The record 20-time English champions have forecast a 10 percent drop in revenue in 2014-15 after they failed to qualify for the Champions League under David Moyes.
The struggles have left United will just one midweek Premier League match before the end of 2014, and just three in the first three months of 2015. Going overseas — the Middle East would be the most likely destination — would allow United to escape the English winter for a few days, and the addition of Radamel Falcao and Angel di Maria have made the club even more likely to attract lucrative contracts for friendlies.
"That's something we continue to look at, as always making sure that the preparations we do on the pitch come first," United managing director Richard Arnold told The Associated Press. "For many years of our (pre-season) international tours, there is a plan to ensure we get that team building that goes together with getting the team all together in one place. That's something that's being looked at with regards to the future (friendlies) with Louis (Van Gaal)."

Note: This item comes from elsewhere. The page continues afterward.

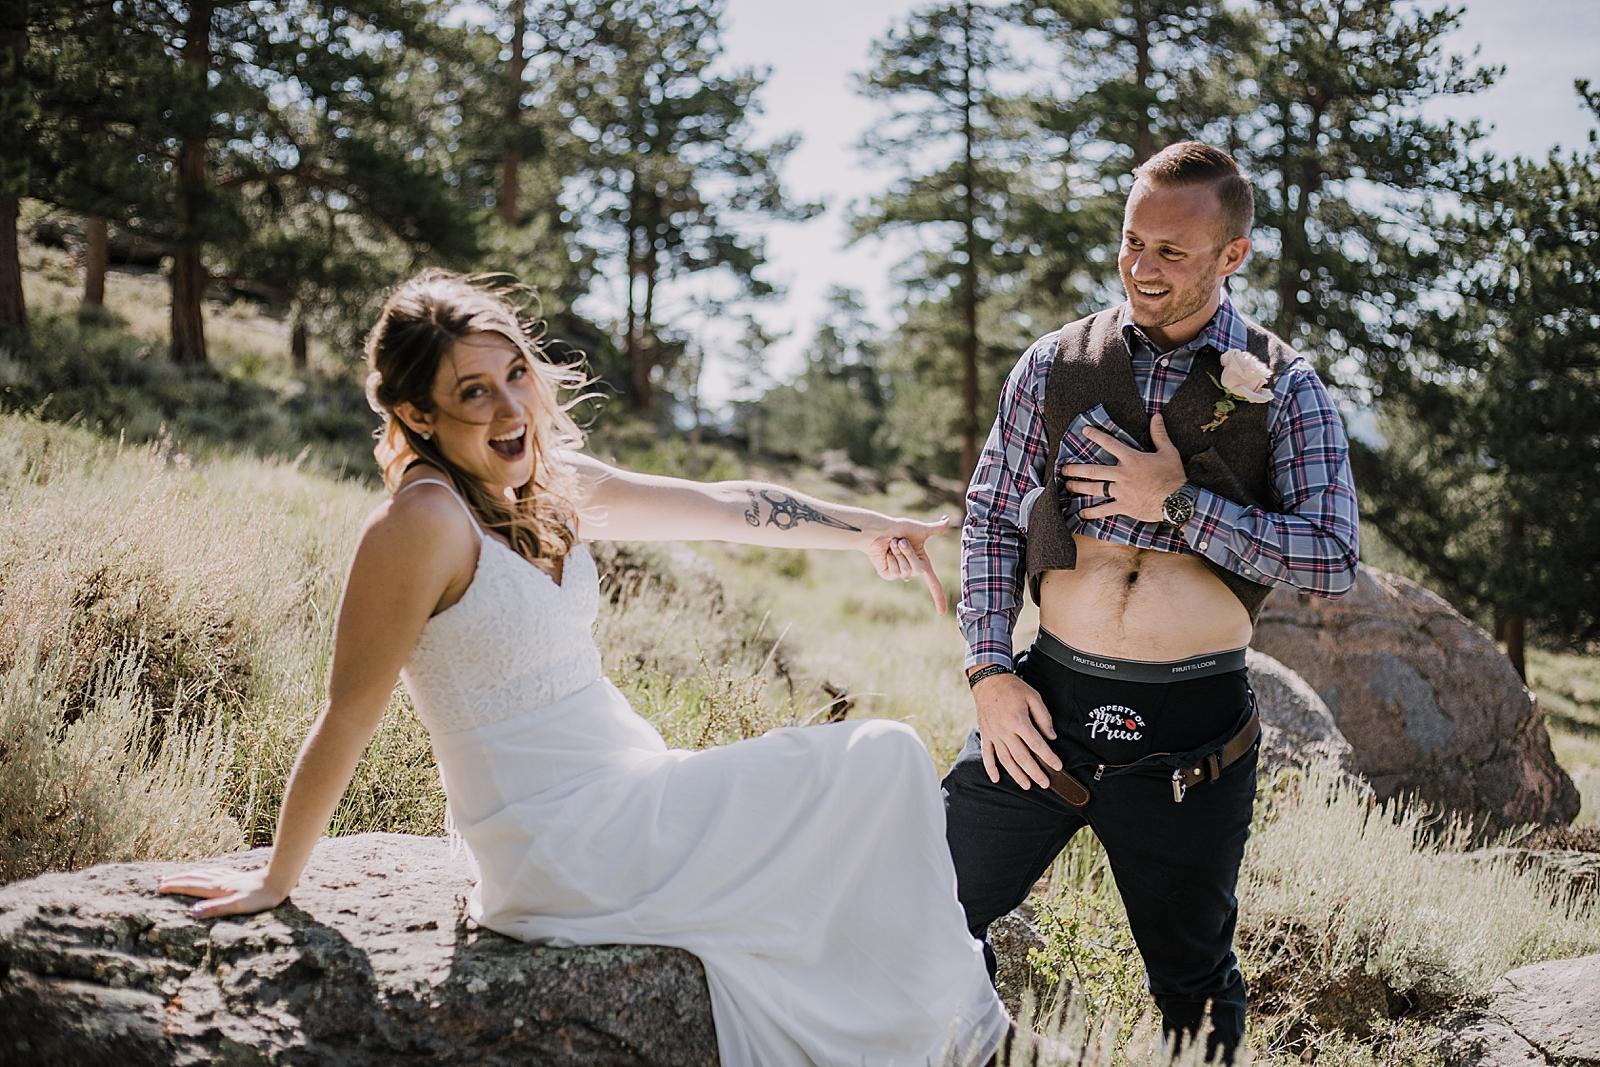 elopement underwear, RMNP elopement ceremony, rocky mountain national park elopement, 3M curves elopement, self solemnizing, self solemnization, long's peak, summer elopement, estes park elopement
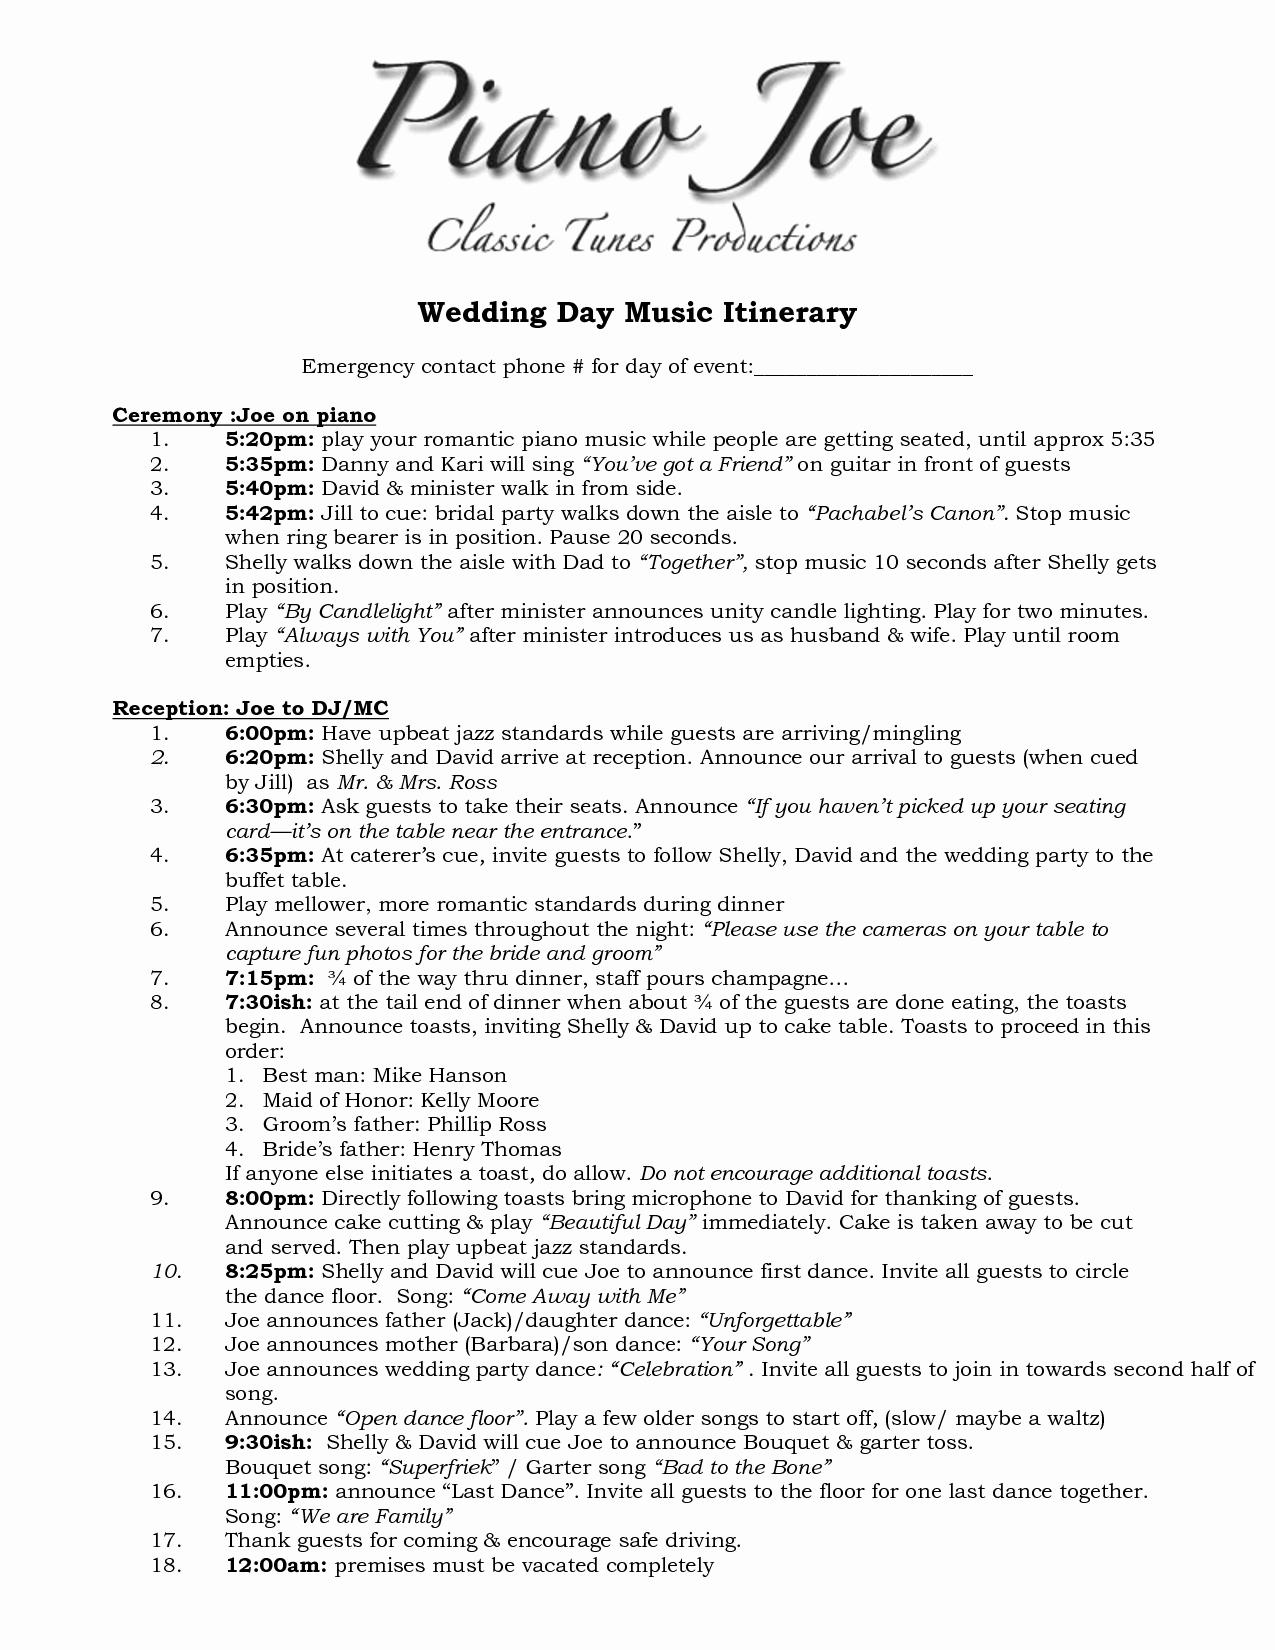 Free Wedding Itinerary Template Luxury Wedding Itinerary Templates Free 1275px

Van Gaal said during United's preseason tour of the United States, shortly after taking over as manager, that the obligations to sponsors and distances the team has to travel was "not very positive for a good preparation" for the Premier League campaign.
But Arnold said there's no disagreement with Van Gaal over the possibility of taking on more commercial ventures.
"I can only speak positively of my experience with the manager in terms of his understanding of what's required to get a first-class team onto the pitch and also what's required for running a club of our magnitude," Arnold said. "We have a fantastic partnership in terms of our work off the pitch and I'm very appreciative of the support we have had from him."
Picking up the pieces after Moyes' disappointing 10 months in charge, Van Gaal has managed just two wins from seven matches in charge but the new-look squad is still a work in progress.
"There has been continued excitement that stems from the day that Louis was appointed and it's just been a progressive build from that," Arnold said in a telephone interview from Old Trafford. "Outside of that obviously there will still be areas we still need to build on."
United, which is owned by the Florida-based Glazer family and listed on the New York Stock Exchange, remains English football's biggest moneymaker, with revenue up 19 percent to a club record £433 million in 2013-14.
The latest commercial deal was announced on Monday, with Abengoa announced as the club's first "sustainable technology partner," working with United to make the company more environmentally friendly.
Abengoa chief executive Manuel Sanchez Ortega said United was chosen because it is the "most global football team." Arnold maintained that its sponsorship operation has not been affected by the team's slump since Alex Ferguson retired in 2013 after more than 26 trophy-filled years in charge.
"We find current form does not figure highly in the reasons to partner or not partner," Arnold said, pointing to club research that shows they have 659 million global followers.